Builds a list of caret::train objects, where each model corresponds to a data set in data_list.
The resulting list is used as input to caret_stack() to construct a meta model.
Usage
caret_list(
target,
data_list,
method,
identifier_column_name = NULL,
trControl = NULL,
metric = NULL,
trim = TRUE,
do_parallel = TRUE,
...
)Arguments
- target
Target vector, either numeric for regression or a factor/character for classification.
- data_list
A named list of matrix-like objects, where each element is a dataset to train a separate model on. Names are preserved in the returned
caret_listand should be unique.- method
The method to train the models with. Can be a custom method or one found in
caret::modelLookup().- identifier_column_name
A string giving the name of a column that links rows across datasets (e.g. a participant ID).
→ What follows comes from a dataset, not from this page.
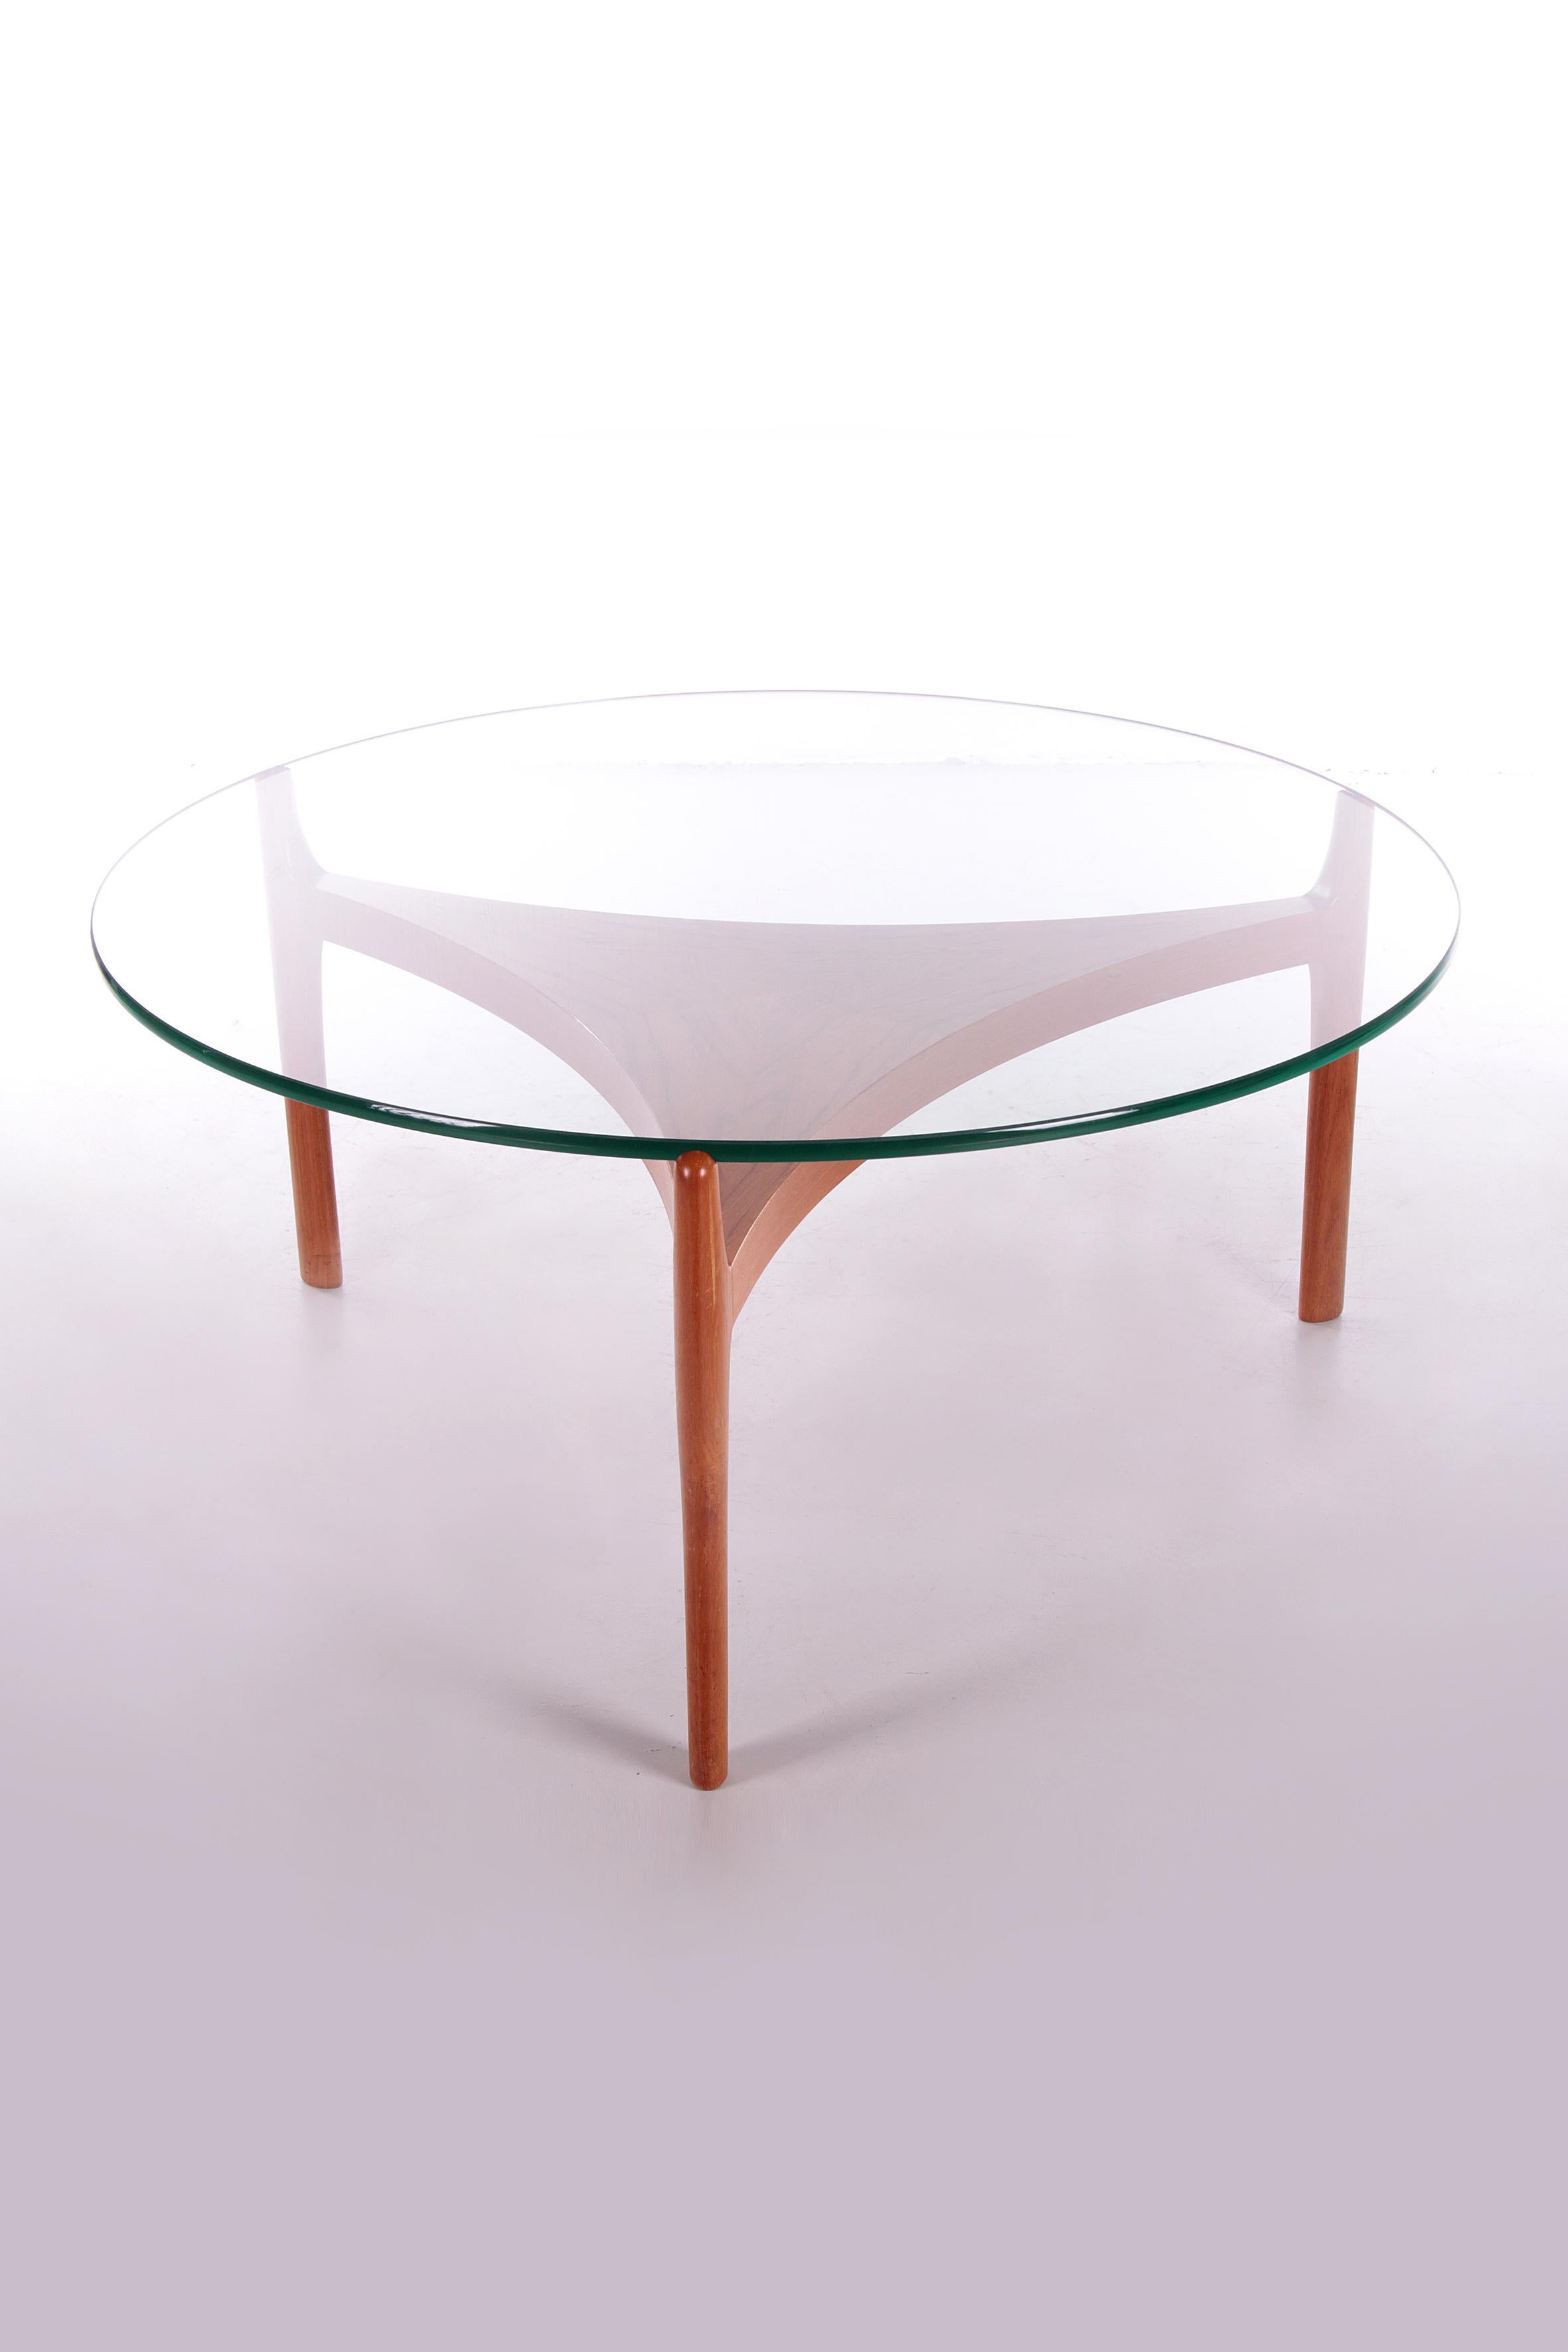 Mid-Century Modern Danish Teak Coffee Table by Sven Ellekaer for Christiaan Linneberg, 1960s For Sale

If provided, this column must be present in all datasets in
data_listfor proper row matching. Use this when datasets have different numbers of rows. IfNULL, datasets are assumed to have identical rows in the same order. Default isNULL.Note: Providing
identifier_column_namedisables support for customtrControl. A new resampling scheme must be constructed for each dataset after row matching, which may invalidate user-supplied fold indices.- trControl
Control for use with the
caret::trainfunction. IfNULL,.default_control()is used to construct a default control (5-fold cross validation) depending on the target type. Default isNULL.- metric
Metric for use with
caret::trainfunction. IfNULL,.default_metric()is used to construct a default metric depending on the target type. Default isNULL.- trim
Logical, whether the trained models should be trimmed to save memory. Default is
TRUE.- do_parallel
Logical, whether to parallelize model training across datasets. Default is
TRUE.- ...
Additional arguments to pass to the
caret::trainfunction (e.g.tuneGrid = tuneGrid).
Value
A caret_list object (a named list of trained caret::train models corresponding to data_list).
Examples
set.seed(42)
data(heart_failure_datasets)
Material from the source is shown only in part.